If we take the linear-interrupted configuration commonly used for text matter, we can see that it has had a bearing on the presentation of picture stories. An obvious example is provided by comics [fig.25] which, traditionally, have told stories through rows of graphic segments, each consisting of a combination of pictures and words. The linear-interrupted configuration is also used from time to time when pictures are shown on their own, as they were for this record of the funeral procession of Lord Nelson in 1806 [fig.26j. In both cases the rows of pictures line up to the right in the manner of justified text. In the case of the Nelson funeral procession, the equivalent of word spacing has been put between each pictorial group in the procession, in just the same way that words are arranged to achieve even line endings. The linear-interrupted configuration is also found in one widely used category of graphic language that adopts the schematic mode of representation. music printing. Almost without exception, music is presented so that the ends of bars coincide with line or row endings. The skill of the music writer or engraver (and now software engineer) lies insubtly adjusting the spacing of the notation to achieve straight right-hand margins.

The matrix configuration is, likewise, found in examples of graphic work in modes other than the verbal/numerical. A diagram drawn for the Sunday Times in the 1960s [fig.27] shows effectively the rise of the mini skirt, as documented in some of the leading women s magazines of the period. Here the designer has used a combination of pictures and words, though it could be argued that the mastheads of the magazines have almost become pictures. In the case of an Isotype chart of the late 1930s [fig.28], which draws attention to the symptoms of tuberculosis, the data in the cells of the matrix are also presented by means of pictures. The use of the

schematic mode in matrix configurations is much rarer, and is illustrated here [fig.29] with one of a set of diagrams by Anthony Froshaug showing the system of spacing units used with metal type.

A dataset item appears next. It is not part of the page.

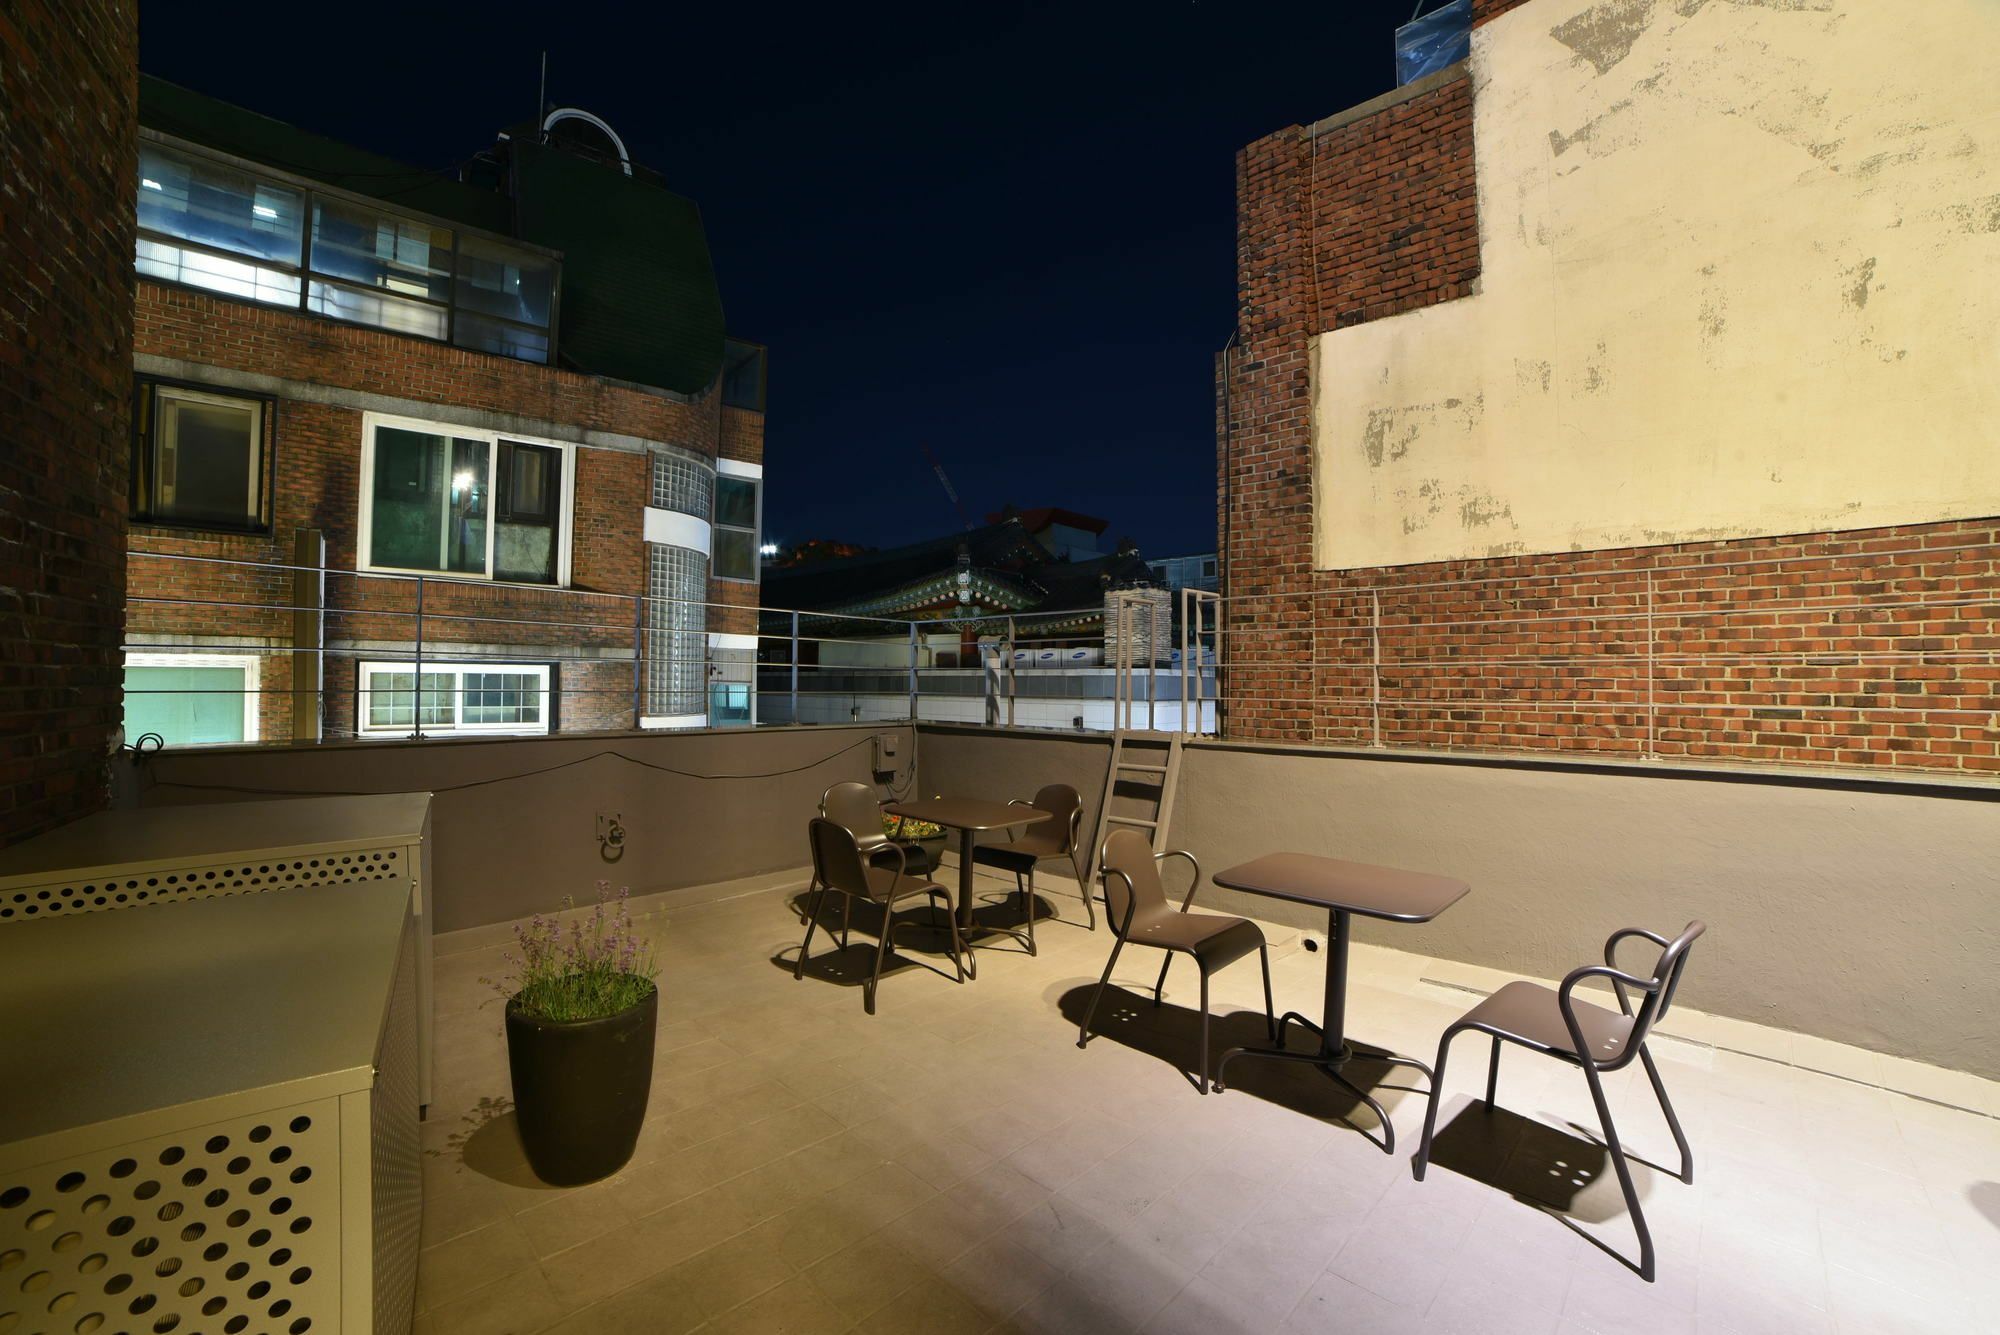 Soo Song Guest House Seoul Exterior photo

Up to this point I have illustrated the cells of the schema with reasonably clear-cut examples, but that is simply the starting point for interpreting the schema as a whole. One of its initial purposes was to demonstrate the immense diversity of graphic language. I now find, with the experience of having used it over the years, that I need to emphasize -even more than I thought I had done originally- that it is simply a tool for thinking about and discussing graphic language. It is certainly not meant to constrain it. To start with, it needs to be said that many everyday examples of graphic design reveal characteristics of severa! cells of the matrix, and that there are fuzzy areas as between different modes and different configurations (the most common of which are indicated with a dotted line on the schema). The best analogy I can think of is with a palette of colours, which can be combined in countless ways to produce infinite gradations of hue and tone.

I have also come to identify two or three further configurations, which I would like to introduce now. I shall take them in sequence and slot them into what might be an appropriate place in my original schema. I have referred to some of them in the past, but for the sake of simplicity have not modified the original matrix. There seems little point in producing diagrams for teaching purposes that are so complicated that they cannot easily be understood and remembered.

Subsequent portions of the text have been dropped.